Moisture content as determined according to the International Union of Pure and Applied Chemistry (IUPAC) distillation method compared with FTIR spectroscopic predicted values, calculated with PLS calibration

The covariance or coefficient of variation (CV) is used to describe the accuracy of the FTIR calibration, which is used to express the average of the product of deviation for each data point in the data set pair. Clark et al. [27] reported that a CV less than 20% is acceptable for most analytical purposes. The CV of both equations (Figs. 5, 6) in this study to predict moisture content in CBD was about 9–11%.

The “leave-one-out” cross-validation technique was approved to provide an estimate of the overall accuracy of predictions. The intercept and slope of the linear regression line are shown in Fig. 7. Plotting with the classical IUPAC distillation method determination versus the FTIR predicted moisture content value for the cross validation (Y = 0.9721x) was not significantly different (P > 0.05) from 0.0 and 1.0, respectively, with an SEP of 0.974 and R 2 of 0.9592. The mean difference MDa and standard deviation of difference SDDa were 0.0574 and 0.0183, respectively (Table 2).

Fig. 7
figure 7

Moisture content as determined according to the IUPAC distillation method versus the FTIR-predicted moisture content for the cross validation. For abbreviations, see Figs. 5 and 6

Table 2 Calibration statistics for moisture content in CBD obtained by classical references and FTIR methods

When the “leave-one-out” cross-validation set was predicted with the calibration model of the AOCS vacuum oven method, the SEP was 1.823, R 2 was 0.9586, MDa was 0.0214, and SDDa was 0.0529. The intercept and slope for the linear regression line (Y = 1.2037x − 0.1532) were not significantly different (P > 0.05) from 0.0–1.0, respectively.

Table 2 compares the obtained data in terms of MD, SDD for accuracy (a) and repeatability (r) between duplicates for each of the two classical methods and FTIR-predicted results.
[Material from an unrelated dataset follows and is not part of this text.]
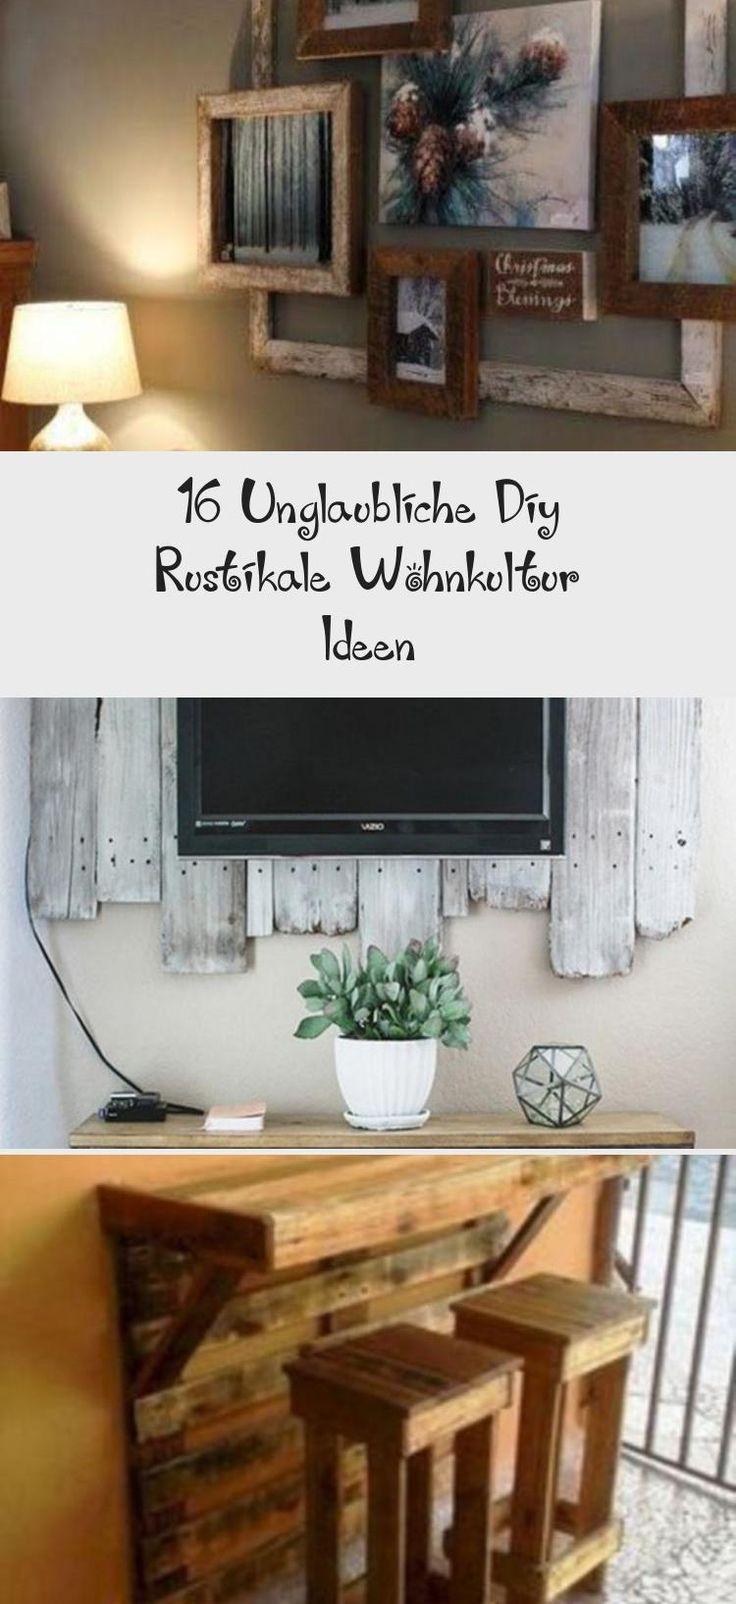 16 unglaubliche DIY rustikale Wohnkultur Ideen #Wohnkultur ...

The two classical methods and FTIR have comparable MDr and SDDr. The result in terms of MDa and SDDa indicated that the moisture content of CBD could be measured with good accuracy by FTIR spectroscopy. Comparison among the three methods used in this study is exemplified in Table 3, which shows the rapidity and sensitivity, small amount of sample, and that no chemicals were used in the FTIR method compared to the classical ones.
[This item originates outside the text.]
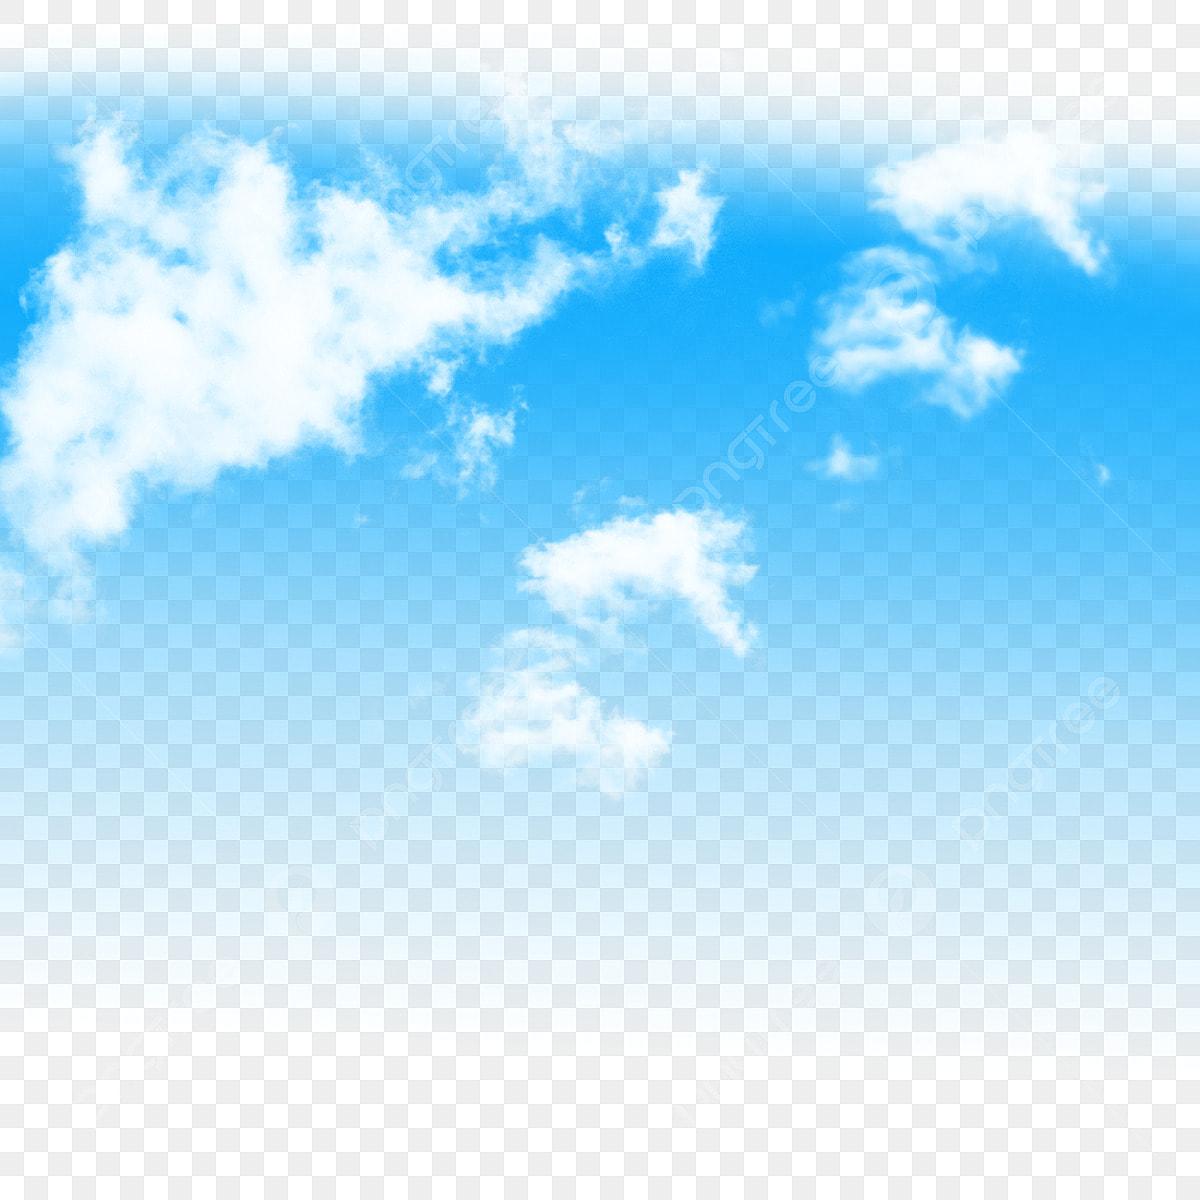 gambar biru awan biru awan putih awan putih awan putih langit biru biru png dan psd untuk muat turun percuma https ms pngtree com freepng blue sky blue white clouds white clouds 3940604 html

Table 3 General comparison among the three methods used in the study

From this study, we hypothesize that the 3,075–3,700 and 1,500–1,700 cm−1 regions can be used to develop a calibration model to predict the moisture content in CBD samples. It could be concluded that FTIR spectroscopy equipped with an attenuated total reflectance (ATR) element could be used to develop equations for the determination of the moisture content in crude biodiesel (CBD). Absorbance values from the 3,075–3,700 and 1,500–1,700 cm−1 wavelength regions were found to be the best regions for the determination of moisture content in biodiesel samples. The coefficient of determinations (R 2) was 0.9793 and 0.97 for biodiesels produced from sludge palm oil (SPO) using the AOCS and IUPC methods, respectively. The calibration models were cross validated within the same set of samples, and the standard deviation (SD) of the difference for repeatability (SDDr) and accuracy (SDDa) of the FTIR method were found to be very low, indicating that FTIR spectroscopy is a useful alternative method to wet chemical methods for simple, rapid, accurate and cost-effective determination of the moisture content in biodiesel produced from sludge palm oil (SPO).